HGX B200/B100 specs:
HGX B200 | HGX B100 | |
---|---|---|
GPUs | HGX B200 8-GPU | HGX B100 8-GPU |
Form factor | 8x NVIDIA B200 SXM | 8x NVIDIA B100 SXM |
HPC and AI compute (FP64/TF32/FP16/FP8/FP4) | 40TF/18PF/36PF/72PF/144PF | 30TF/14PF/28PF/56PF/112PF |
Memory | Up to 1.4TB | Up to 1.4TB |
NVIDIA NVLink | Fifth generation | Fifth generation |
NVIDIA NVSwitch | Fourth generation | Fourth generation |
NVSwitch GPU-to-GPU bandwidth | 1.8TB/s | 1.8TB/s |
Total aggregate bandwidth | 14.4TB/s | 14.4TB/s |
GB200 Series specs:
GB200 NVL72 | GB200 Grace Blackwell Superchip | |
Configuration | 36 Grace CPU : 72 Blackwell GPUs | 1 Grace CPU : 2 Blackwell GPU |
FP4 Tensor Core | 1,440 PFLOPS | 40 PFLOPS |
FP8/FP6 Tensor Core | 720 PFLOPS | 20 PFLOPS |
INT8 Tensor Core | 720 POPS | 20 POPS |
FP16/BF16 Tensor Core | 360 PFLOPS | 10 PFLOPS |
TF32 Tensor Core | 180 PFLOPS | 5 PFLOPS |
FP64 Tensor Core | 3,240 TFLOPS | 90 TFLOPS |
GPU Memory | Bandwidth | Up to 13.5 TB HBM3e | 576 TB/s | Up to 384 GB HBM3e | 16 TB/s |
NVLink Bandwidth | 130TB/s | 3.6TB/s |
CPU Core Count | 2,592 Arm Neoverse V2 cores | 72 Arm Neoverse V2 cores |
CPU Memory | Bandwidth | Up to 17 TB LPDDR5X | Up to 18.4 TB/s | Up to 480GB LPDDR5X | Up to 512 GB/s |
NVIDIA on the GB200 NVL72:
It combines 36 Grace Blackwell Superchips, which include 72 Blackwell GPUs and 36 Grace CPUs interconnected by fifth-generation NVLink. Additionally, GB200 NVL72 includes NVIDIA BlueField-3 data processing units to enable cloud network acceleration, composable storage, zero-trust security and GPU compute elasticity in hyperscale AI clouds. The GB200 NVL72 provides up to a 30x performance increase compared to the same number of NVIDIA H100 Tensor Core GPUs for LLM inference workloads, and reduces cost and energy consumption by up to 25x.
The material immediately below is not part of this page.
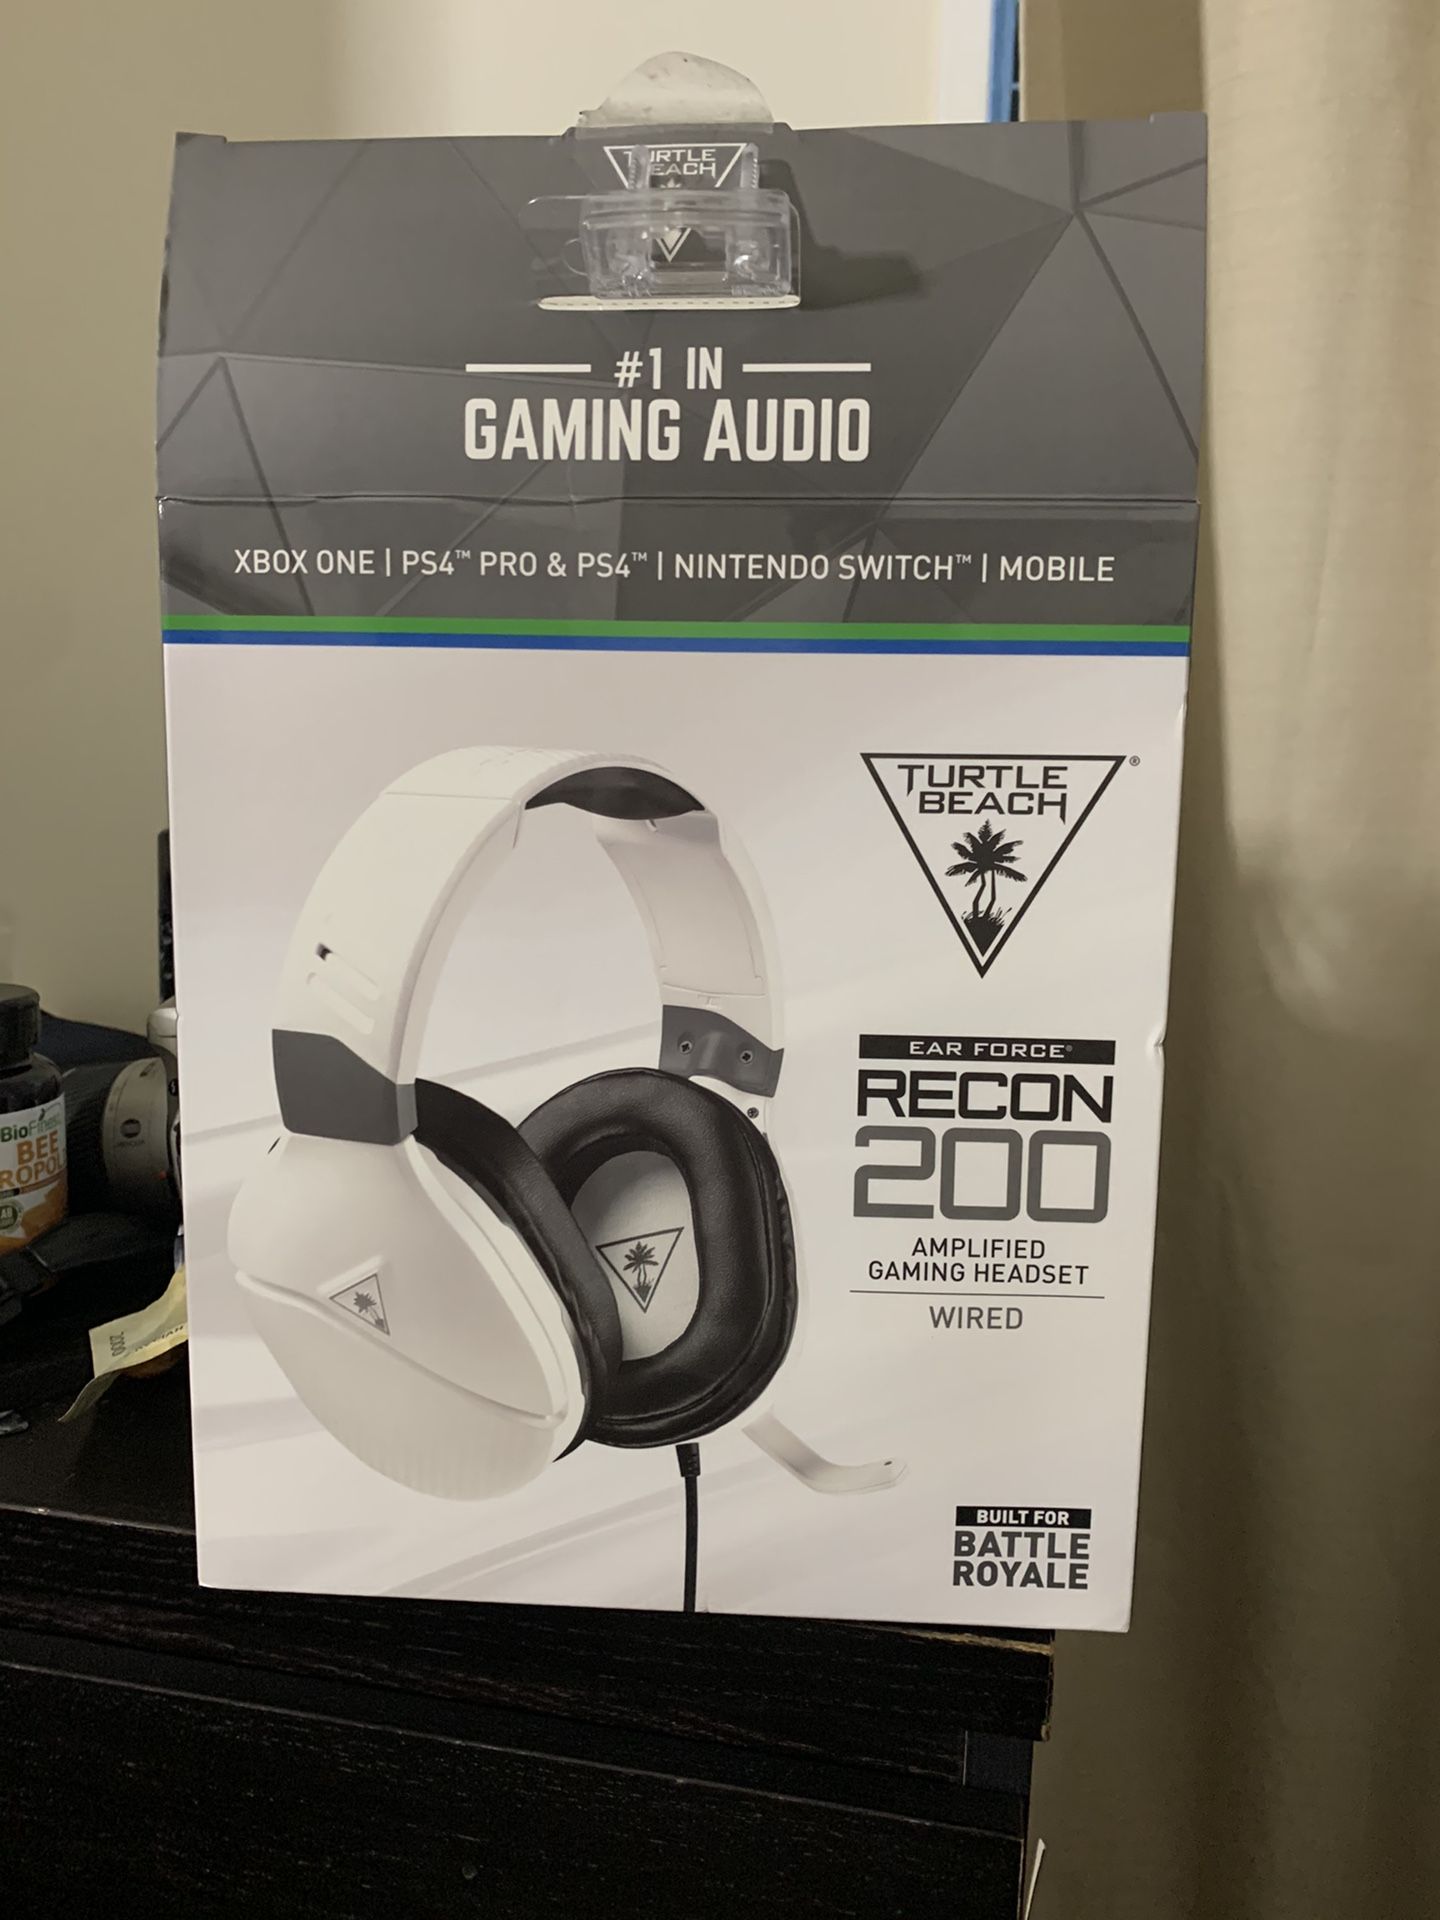 Recon 200 turtle beach headset for gaming

Jensen Huang, founder and CEO of NVIDIA said:
For three decades we’ve pursued accelerated computing, with the goal of enabling transformative breakthroughs like deep learning and AI. Generative AI is the defining technology of our time. Blackwell is the engine to power this new industrial revolution. Working with the most dynamic companies in the world, we will realize the promise of AI for every industry.